Циркуль дрогнул, словно реагировал на меня.
—Видите? — она прошептала. — Он чувствует что-то.
Я сунул инструмент в карман. Возможно, это был компас или вроде того, а Даша просто суеверная. В 19 веке прислуга хоть что-то знала о достижениях прогресса или это правда было что-то большее? Я сразу же отмахнулся от последней мысли.
А к вечеру приехали кредиторы.
Даша вбежала в кабинет, вся бледная:— Барин, купец Ермолаев...

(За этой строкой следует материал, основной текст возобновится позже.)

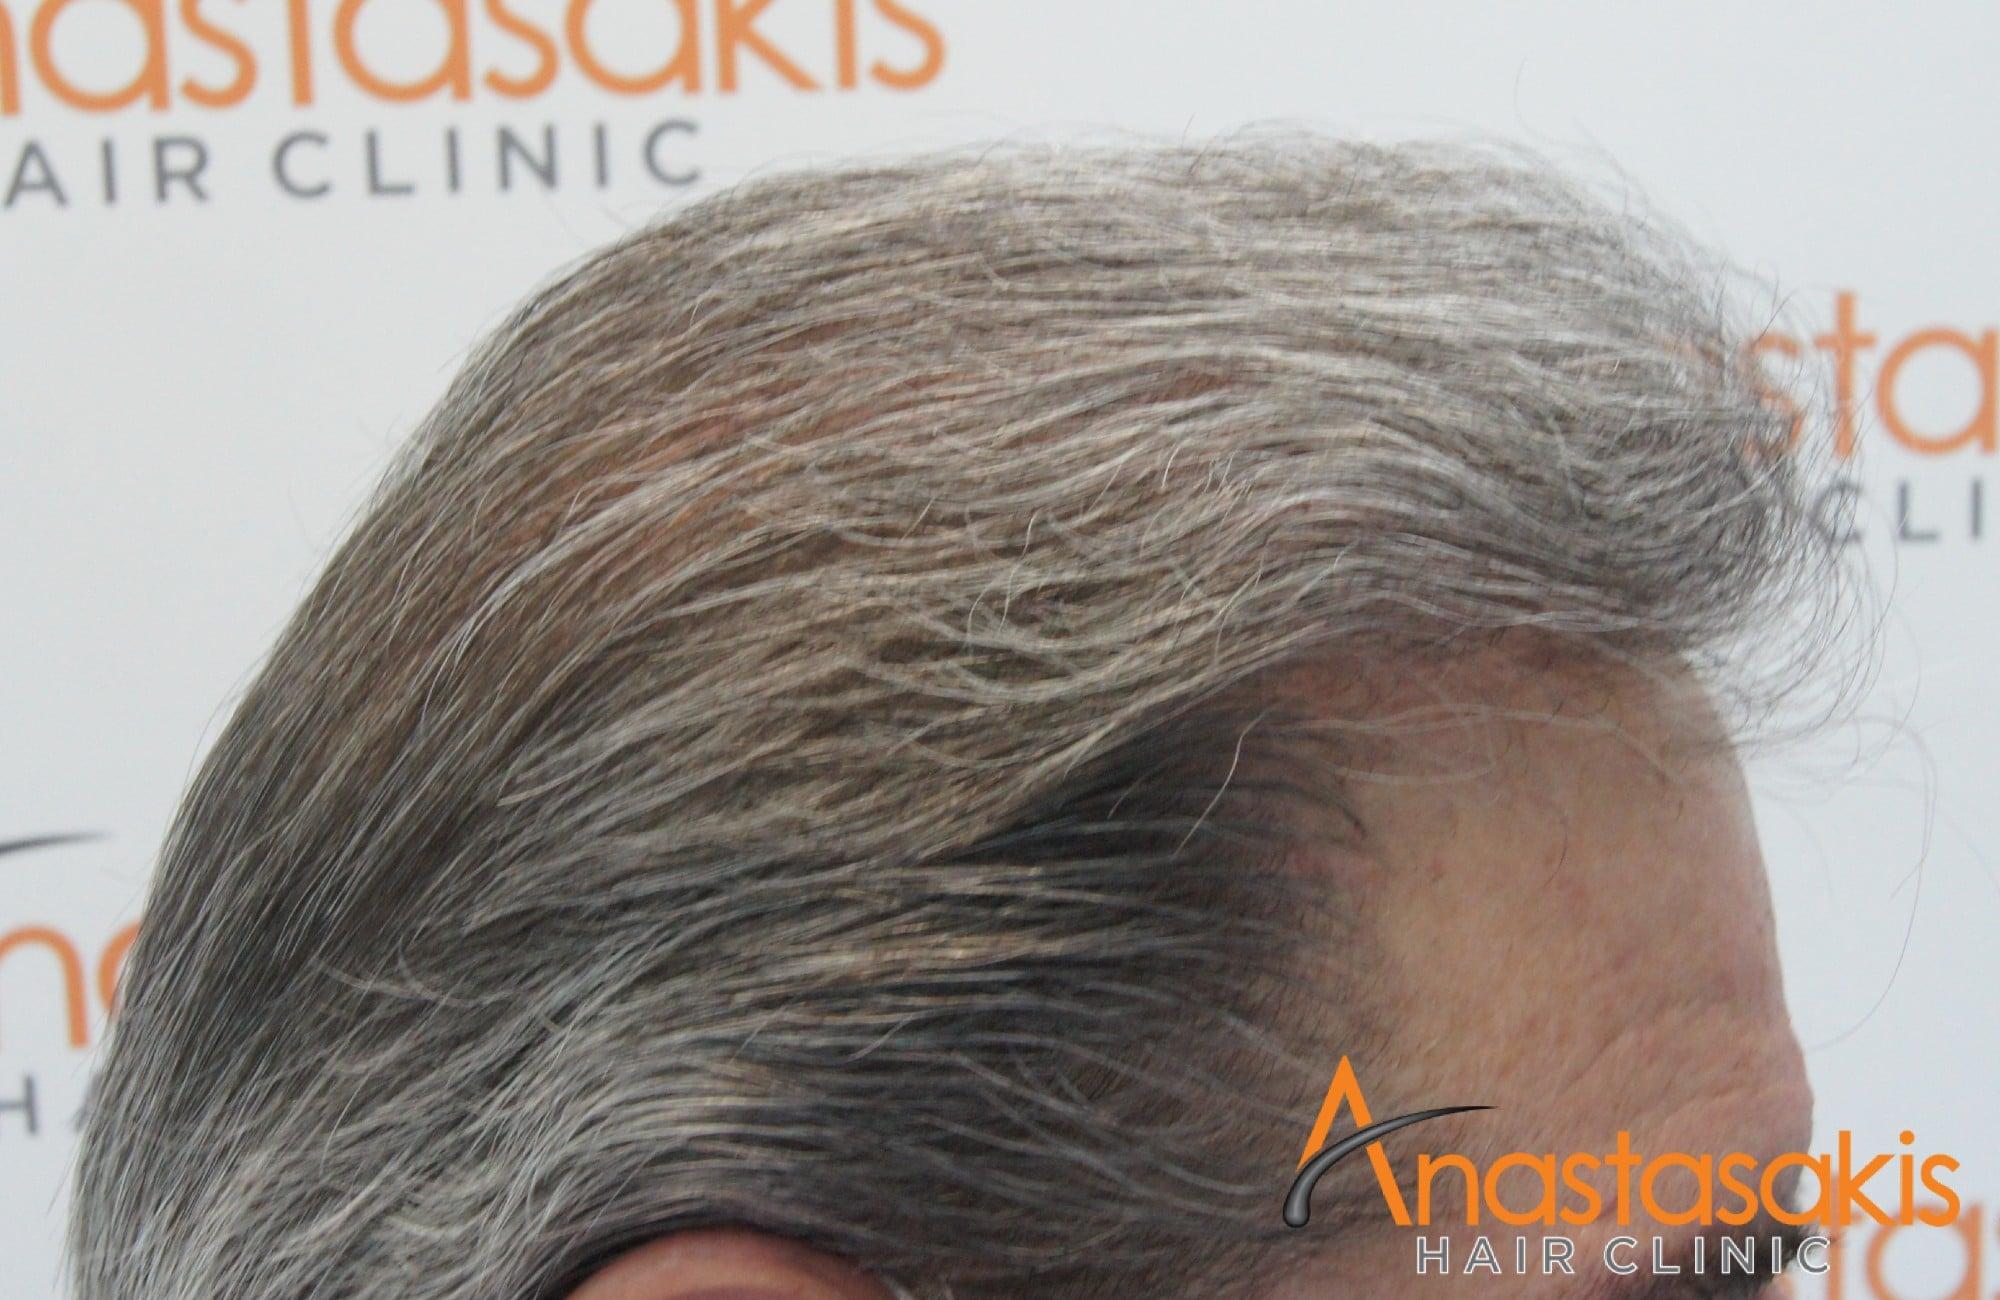 δεξι προφιλ 10 μηνες μετα τη μεταμοσχευση μαλλιων με 4008 fus

На крыльце стояли трое. Купец в поддёвке, с окладистой бородой и цепью на жилете. Да, мода у вышибал и бандитов не меняется — почти такая же золотая цепь висела на шее у Кабана на век позже. За ним — двое здоровяков в рваных кафтанах, но оба с почтительными поклонами.
—Григорий Аркадьевич, — Ермолаев снял картуз, но не поклонился. — За долгом приехал. Три месяца мучной поставки.

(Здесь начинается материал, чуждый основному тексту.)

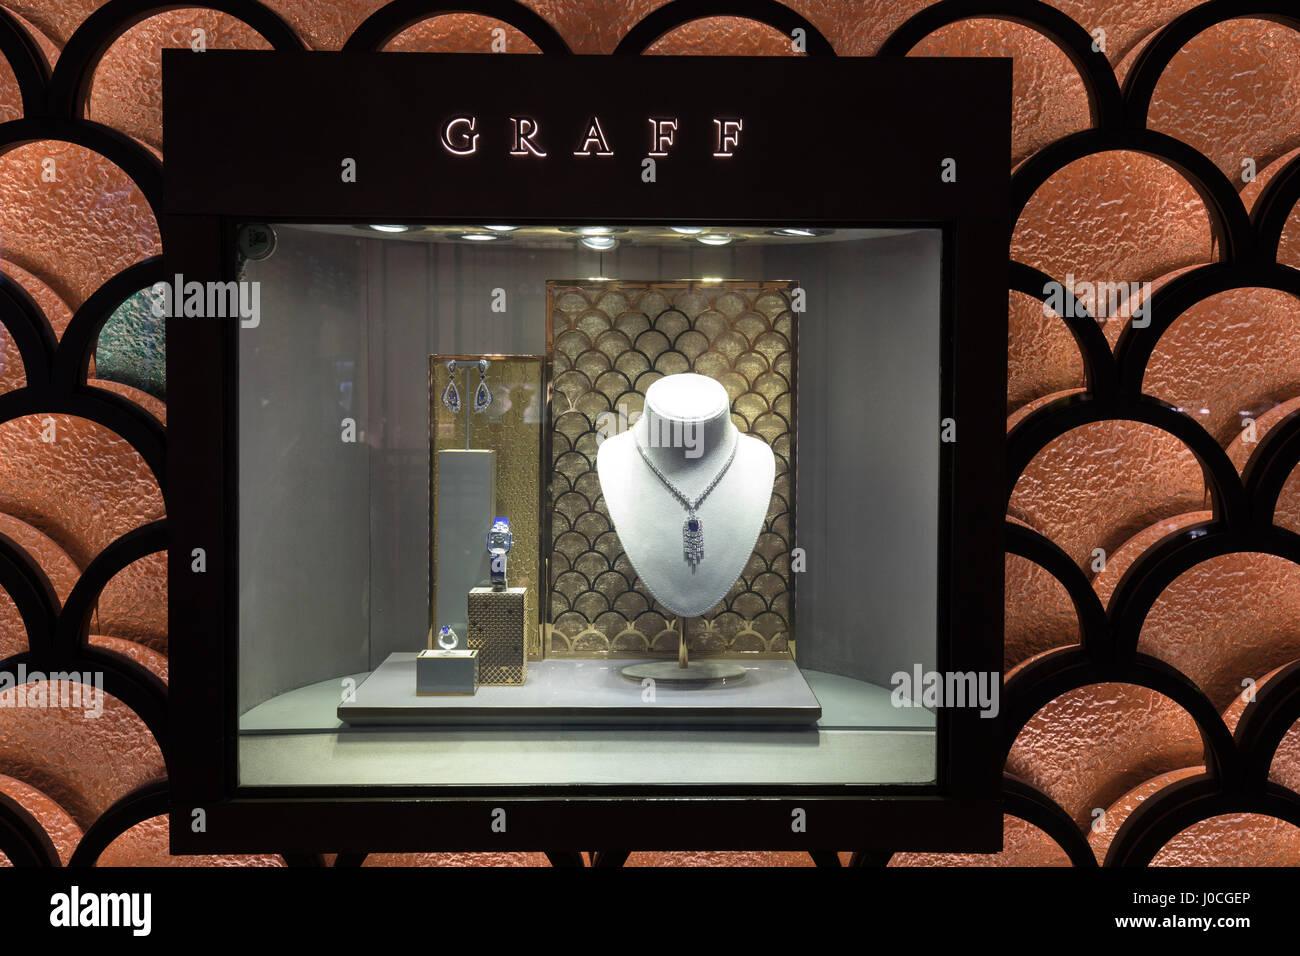 The Graff store in Dubai Mall. UAE Stock Photo

Я скрестил руки на груди, чувствуя, как новое тело будто само принимает позу аристократа:— Деньги будут. Через неделю.
—Слышал я эти «недели», — купец усмехнулся, но глаза бегали, избегая встретиться с моими. — У вас и самовар-то последний забрали.
Один из здоровяков кашлянул, поправляя нож за поясом. Но его напарник толкнул его локтем, шепча:— Молчи, дурак. Он ж дворянин.
—Через неделю, — повторил я, вкладывая в голос сталь, которой не было у Дениса. — Или вы сомневаетесь в слове Грановских?
Ермолаев замялся. Потом плюнул через плечо, будто сплёвывая собственную трусость:— Ладно. Неделя. Но проценты за неё — двойные.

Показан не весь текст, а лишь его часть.